The mechanism of action of PARPi includes: catalytic inhibition of PARP or “PARP trapping”, in which PARP is trapped at sites of DNA damage leading to prevention of repair and cytotoxicity. It has been postulated that PARP trapping activity may be indicative of higher efficacy in a PARPi [23]. The relative PARP-trapping activities of the PARPi used in this study vary as follows: talazoparib (100) > niraparib (2) > olaparib and rucaparib (1) > veliparib (<0.2), indicating that veliparib is almost purely a catalytic inhibitor, while talazoparib is primarily a PARP-trapper [41]. We found that PARP inhibitors with the highest PARP trapping activity such as niraparib and talazoparib were the most effective in enhancing the cytotoxicity of cisplatin against BLCA cells. These findings reveal that PARPi such as niraparib and talazoparib that have higher PARP-trapping activity may be efficacious as single agents against BLCA cells, while agents like olaparib and rucaparib that are mostly catalytic inhibitors may be effective in combinatorial regimen with cisplatin. Our results also indicated that combining PARP inhibition with cisplatin may allow a reduction in the effective concentrations of cisplatin needed for optimal anti-cancer effects and thus, potentially ameliorate some of the adverse effects associated with cisplatin-based therapy.

Defects in DDR can predict response to cisplatin-based chemotherapy in muscle-invasive BLCA [42]. Alterations in DDR genes such as ATM, RB1, and FANCC have been reported to serve as biomarkers of sensitivity to cisplatin-based chemotherapy. A recent study showed that PARP inhibition can lead to higher levels of DNA damage in combination with cisplatin compared with cisplatin alone [43]. The comprehensive genetic characterization of muscle-invasive BLCA has shown that ~34% of tissues harbor mutations in DDR genes such as ATR, MDC1, CHK1/2, ATM, BRCA1/2, and RAD52, suggesting that PARP inhibition can be effective in advanced BLCA [44, 45]. In line with these findings, our in-silico analyses revealed that ~30% of BLCA harbor mutations in HR genes. We found that the BLCA cell lines used in this study, UM-UC-3 and T-24 harbor mutations in HR genes such as ATM, ATR, RAD51, FANCD2, PRKDC, TP53, RECQL4, and WRN, which provides a rationale for using these cell lines to model responses of BLCA cells [26]. However, SV-HUC-1, used as a representative of normal urothelial cells, also harbors mutations in genes such as DNAH8 and BRCA1 [26]. Of the 3 cell lines used, SV-HUC-1 is the only cell line that harbors mutations in BRCA1, which may explain the suppressive effects of PARPi in these cells. While arguing for the suitability of cell lines to model tumor drug response, this also shows that caution is warranted in interpreting the observed responses. In summary, our study showed that combining PARP inhibition, especially the agents that trap PARP on DNA, can be efficacious in combination with cisplatin against advanced BLCA. While promising, these findings would need to be validated in large clinical cohorts.

Conclusions

We demonstrated that PARP inhibitors can not only be effective against BLCA as single agents but can also be used in combinations to improve the efficacy of first-line therapeutic regimen.

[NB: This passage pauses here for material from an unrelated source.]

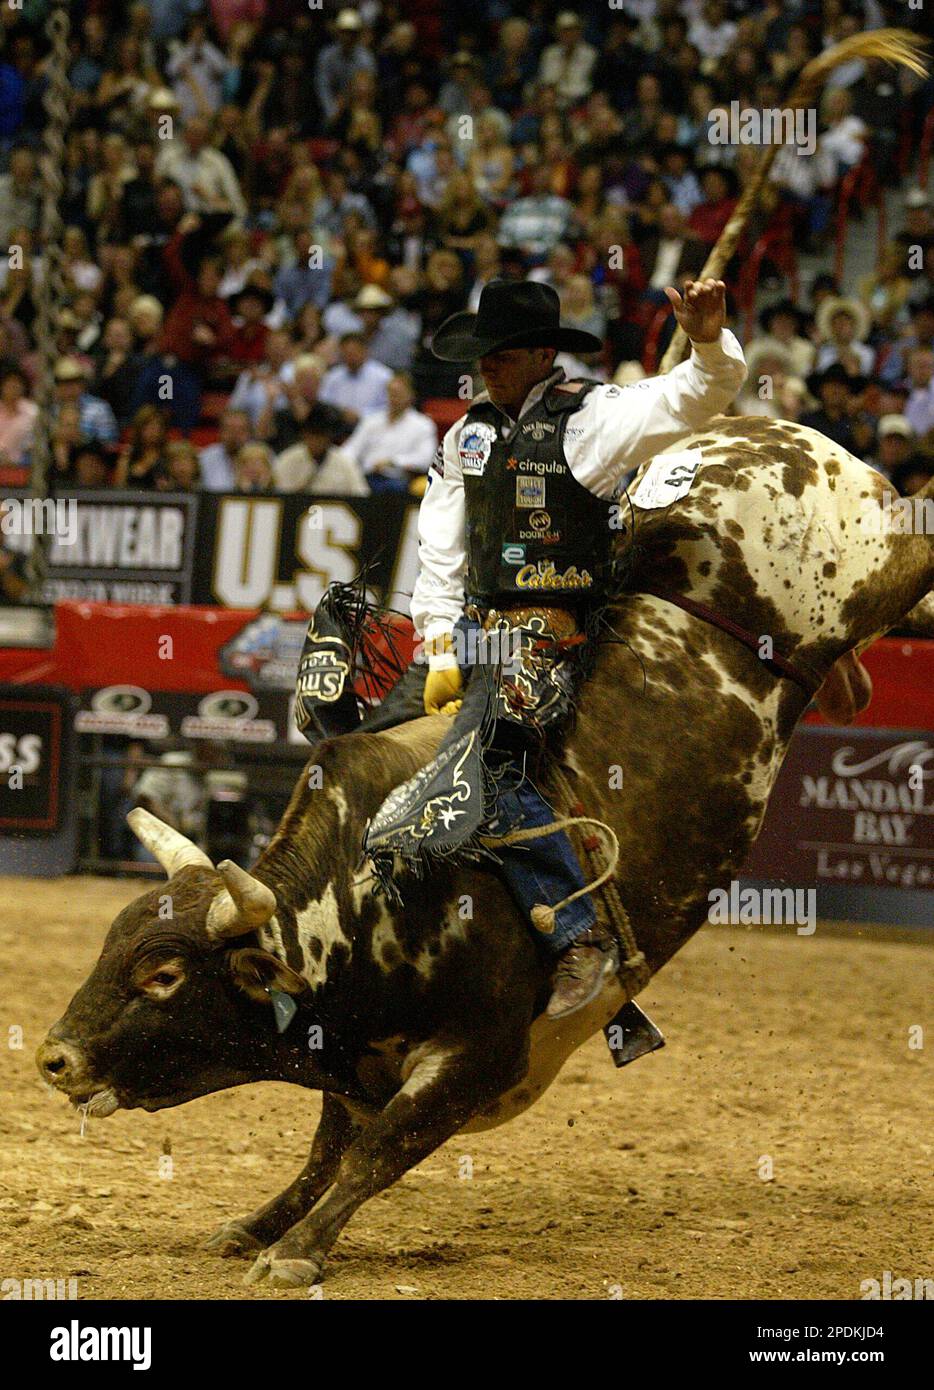 Justin McBride, of Elk City, Okla., hangs on a bull as he competes during the sixth round of Professional Bull Riders World Finals in Las Vegas on Saturday, Nov. 5, 2005. McBride, who scored 87.25 Saturday, is leading the competition in overall points. (AP Photo/Jae C. Hong) Stock Photo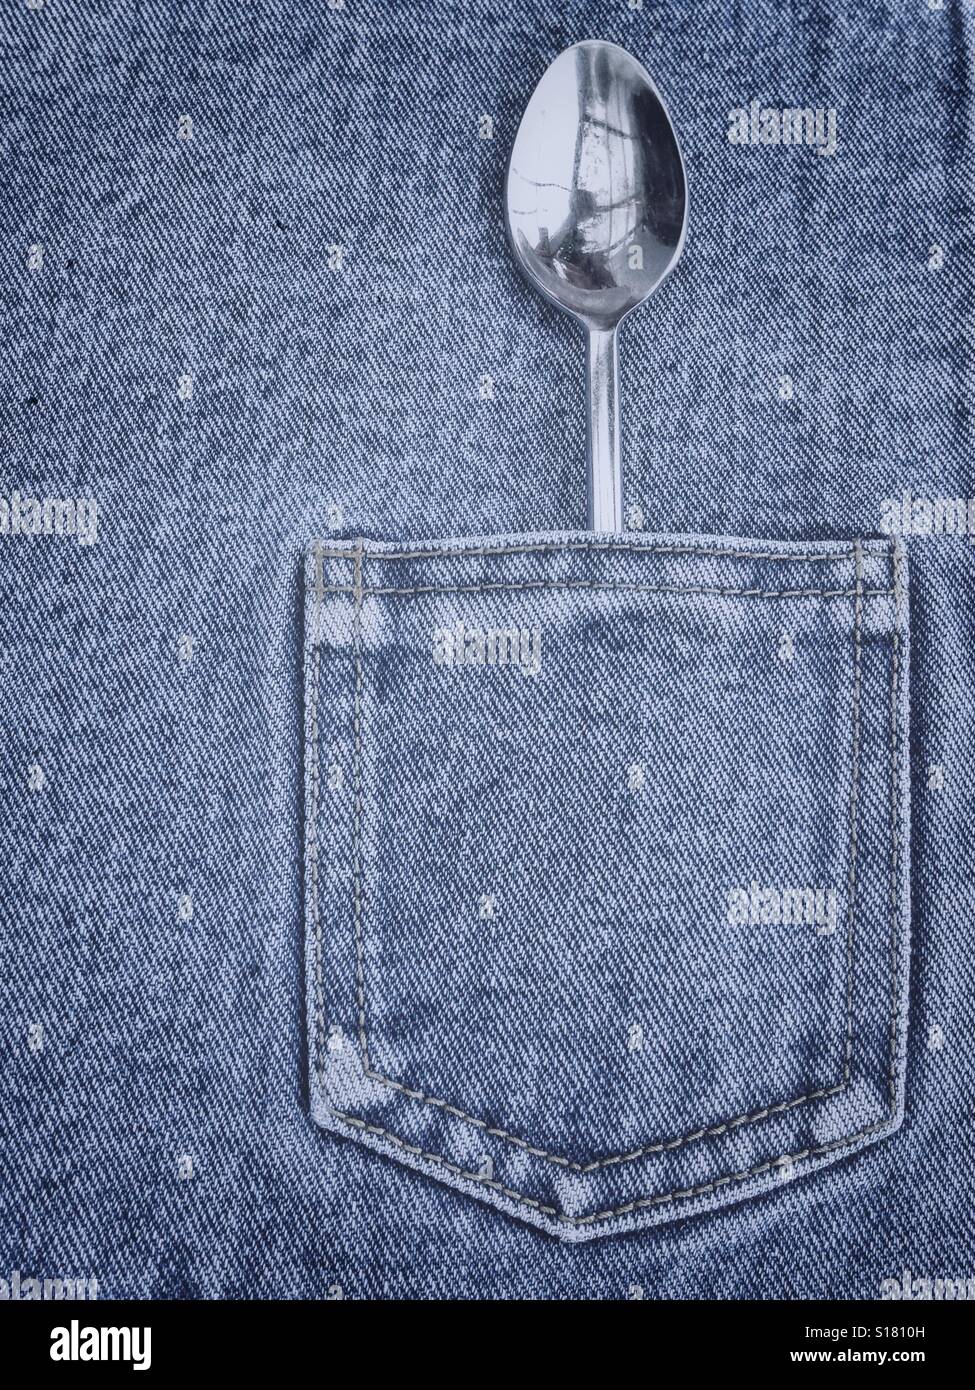 A spoon in a pocket of jeans tablecloth Stock Photo - Alamy

The current study is one of the first studies to compare all 5 commercially available PARP inhibitors and examine their relative outcomes in combination with cisplatin in BLCA. Given that PARPi are already undergoing clinical evaluation in urothelial bladder cancer [46], these pre-clinical results provide a rationale for testing the clinical efficacy of the PARPi+cisplatin combinations in BLCA patients.